Riverside Realtor Blog - Alma Dizon

Alma shares her experiences and observations as a Realtor in Riverside California.

Wednesday, March 22, 2006

Moreno Valley Statistics from the past 60 days

As of this evening there are a total of 975 residential properties with an average price of $433,340 available in Moreno Valley according the IMRMLS. This average is about $100k less than the average in Riverside, which is roughly the usual gap between the two cities over the past couple of years.

As in other cities in the area, the average price of expired listings from the past 60 days is below the average of the available ones. Since 1/21/06, 277 listings have expired with an average value of $423,393. In other words, sellers (and their agents) are not learning from the expired listings but are instead continuing to price listings as if the market were still experiencing the sharp rise of the past 2 springs.

The sluggish market is most easily understood when comparing the high price tags of available properties with the much lower cost of those pending and sold. The overall count for pending sales of houses and condos since 1/21/06 is 355 with an average price of $385,509. (In addition, there are 72 taking back-up offers with an average of $394,560, but I can't limit the time parameter). The sold count from the same time period is 373 at $384,905 after an average of 46 days on market. The average value of the closed sales is very close to that of the pending sales, but the breakdown by bedroom count, shown below, reveals to what extent the market is still being forced upward.

When broken down by bedroom count, the figures for available listings are as follows:
2 or fewer bedrooms: 57 available with an average price of $359,833 and an average of 45 days on market. (This average price was pushed up by several that have large lots where the value is in the land.)
3 bedrooms: 383, $389,241, 49 days on market
4 or more bedrooms: 532, $473,866, 54 days on market
2 or fewer bedrooms: 3, $273,300, 16 days on market
(The high average price of the condos has to do with 2 of them being in a new complex that is priced about 90k over the typical Mo Val condo built in the early 1980s.)

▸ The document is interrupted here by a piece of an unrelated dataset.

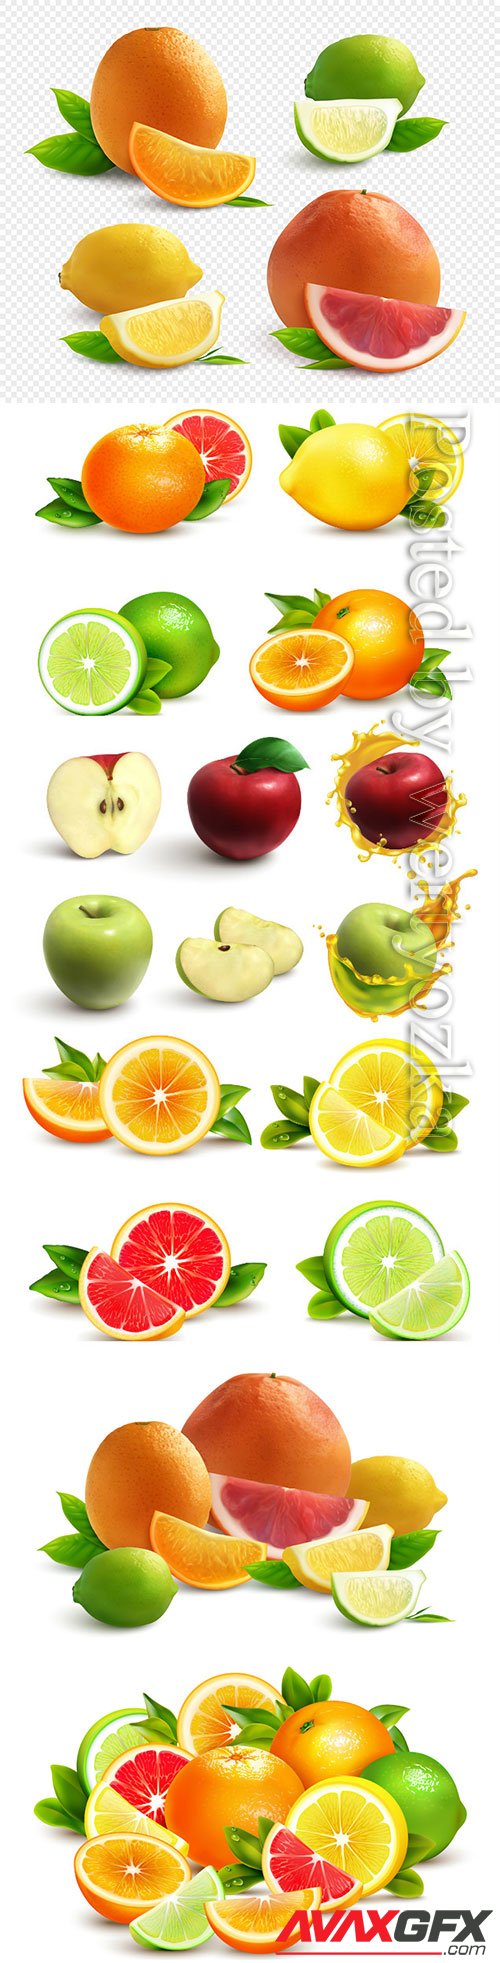 Citrus fruits vector illustration

The sold properties since 1/21/06 tell in very clear terms what buyers have chosen to pay for housing. Broken down by bedroom count, the figures are:
2 or fewer bedrooms: 35, $278,825, 33 days on market. (The average price of these homes is a much better reflection of the starter home market than that of the available 2-bedroom homes above.)
3 bedroom: 147, $364,305, 45 days on market
4 or more bedrooms: 186, $425,966, 51 days on market. (The increase in time on the market noticeably mirrors the higher price of each successive category.)
2 or fewer bedrooms: 5, $205,600, 18 days on market. (Unlike the available condos, these sold properties are more what buyers expect to find in Mo Val.)

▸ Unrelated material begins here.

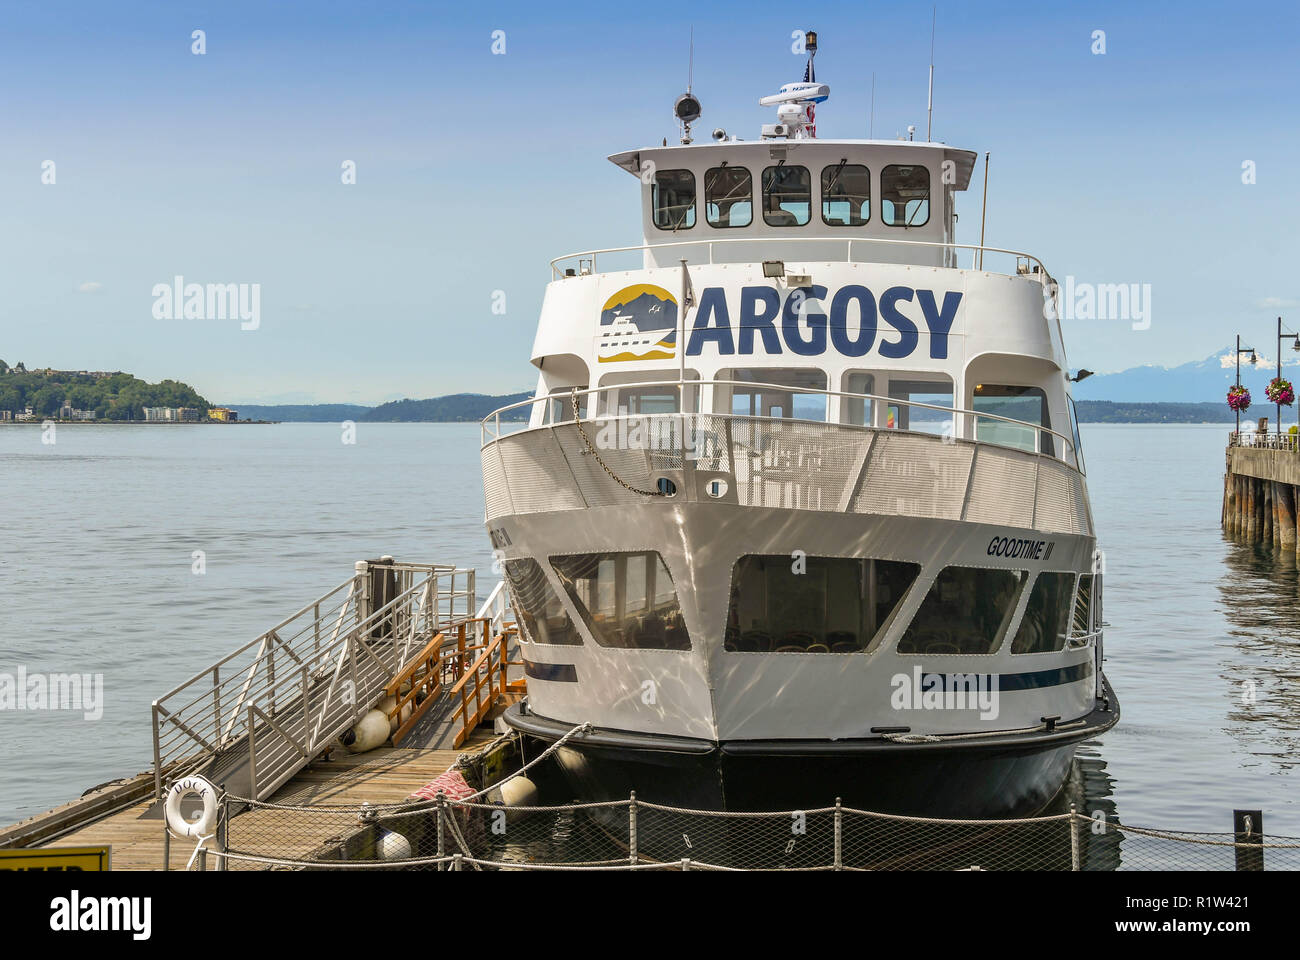 SEATTLE, WASHINGTON STATE, USA - JUNE 2018: Tourist sightseeing cruise boat docked on the waterfront in Seattle. Stock Photo

Similar to the sold properties, the homes that are pending since 1/21/06 have much lower prices and demonstrate that buyers are going after the listings that cost less. The breakdown by bedroom is as follows:
2 or fewer bedrooms: 31, $290,600, 32 days on market.
3 bedrooms: 170, $367,128, 44 days on market. (Of all the pending categories, this is the one that comes closest to the average of current available properties and has to do with the ratio of pending to available properties. Basically, more of these properties are getting bought up, so buyers are being forced upward in this size range more than in the others.)
4 or more bedrooms: 151, $429,141, 45 days on market
2 or fewer bedrooms: 1, $210,000, 19 days on market
3 bedrooms: 2, $212,500, 43 days on market.
As always, we’ll have to wait for these pending sales to close before we know for sure how much higher the accepted offers were than the current closed sales, assuming that these properties appraise.

The data appears better with this search than my recent San Bernardino search, but then I generally find that I get better data for Riverside and Moreno Valley. The numbers can be thrown off by agents who put in the wrong code although this happens less for Moreno Valley, possibly because agents would rather make their desert listings appear like bargains by putting them in more expensive cities, such as Riverside. (Agents tend to put high desert listings under the S.B. code just because many of those towns don’t have their own specific code in the IMRMLS.) I only went back to 1/21/06 for pending sales to rule out any sales that actually have closed but haven’t been marked as such. The breakdown for properties in escrow that are taking back-up offers was left out because the IMRMLS won’t let me combine them with those pending and also because there’s no way to limit the date. The search was limited to the IMRMLS and excludes for sale by owners and properties that were only listed in other boards.